The Lebanese system thus finds itself at odds with the new, prevailing tendencies in the region. It gnaws at the state in its capacity as the political embodiment — albeit symbolic — of national unity. It fragments and marginalizes its institutions so that they may become incapable of safeguarding even the basic privileges of the government’s “subjects,” namely equal rights, justice and progress.
This sectarian system is beyond repair, as has proven by the enriching experiences endured by the Lebanese people during the second half of the previous century. Every time demands were made for change, reform and the recognition of citizen's rights in their state and country, the system answered these calls with the most lethal of weapons. Sectarianism led to civil war. The “subject's’” dreams then became more modest as a result of the compromises necessary to quell the fighting, regain a semblance of normalcy and put an end to the bloodshed. The state was thus restored according to the predilections of the same old system, which was now even stronger given that the polarization of the communities during the conflict. The people of Lebanon thus became a multitude of “peoples,” and the interference of other “nations” grew.
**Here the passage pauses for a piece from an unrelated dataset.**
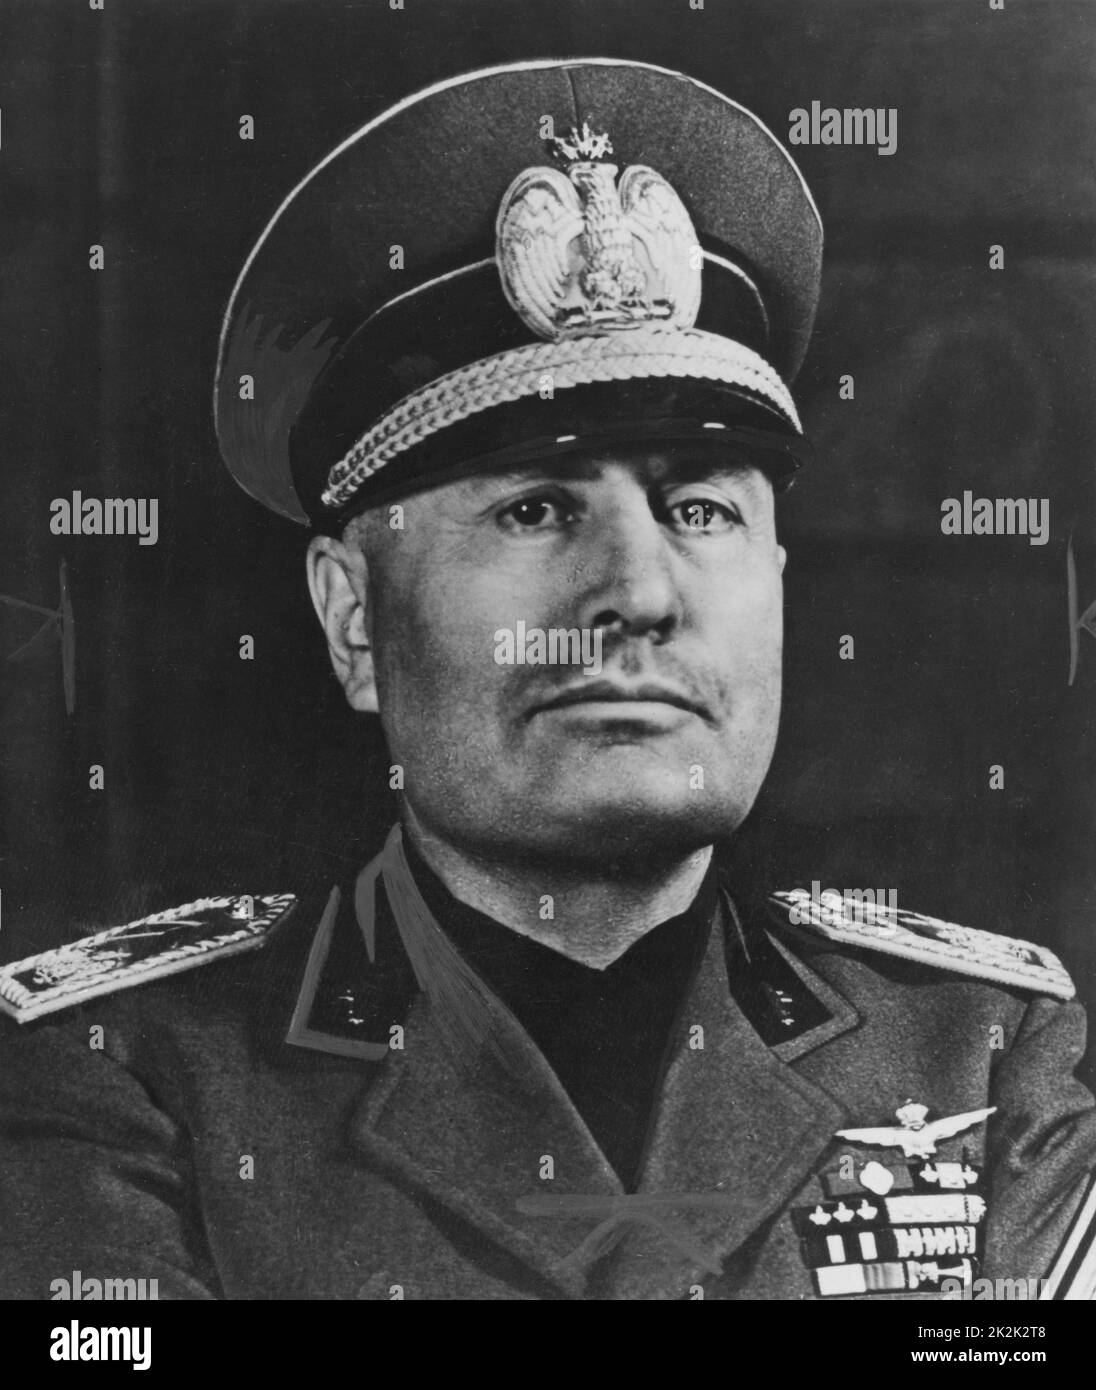 Portrait de l'homme d'État italien Benito Mussolini en 1942. Il a établi une dictature fasciste en Italie de 1925 à 1943. Banque D'Images

The country, small in territory, grew bigger to accommodate many cantons, each with their own “borders” and “demands.” These demands necessitated the amendment of laws.
Here, now, we stand witness — as a result of the deteriorating situation in Syria and its regime’s blood-thirsty behavior — to high walls being erected in the name of “independence” in many a Lebanese “canton.” Animosity against the army is on the rise, which will endanger its unifying role. The impartiality of the judiciary has been called into question, and it is improbable that this situation was brought about by chance given the fact that this is all occurring at the same time. The parliament’s role has been paralyzed, and it faces a fate similar to the one that befell the government of disassociation [from the Syrian conflict]. This government has grown disassociated to the point of failing to fulfill its responsibilities of safeguarding the nation’s security and guaranteeing a normal daily life for the people of the country.
Within the current context, nothing becomes easier than to arrange for the assassination of this or that politician. This kind of action has the potential to expose the state’s inability, and undermine its credibility, or what is left of it. It would justify each faction seeking refuge behind its own sect or religion and open the door for other “states” to come on in and offer the system a helping, protective hand, at the expense of Lebanon’s crumbling state institutions and the unity of its people. It would open the door for divisions to quickly mutate into armed confrontations between sects and religions.
A harsh irony thus reveals itself: while the Arab peoples — armed with a sense of democracy-enhanced national unity — fill the squares of revolution, by the hundreds of thousands, to rid themselves of tyrannical ruthless regimes, regain their right to live in dignity and build free countries unencumbered by foreign mandates, the Lebanese system is devolving its people into mere subjects for quarrelsome sects and religions. These groups fight in vain over the ruins of a state incapable of even protecting its own unity, let alone the country and its inhabitants. The sectarian realities in Lebanon mean that the dream of becoming true and equal citizens grows ever more distant — at the speed of light.
In this sectarian system, revolution is called strife. May damnation await those who attempt to light its fuse!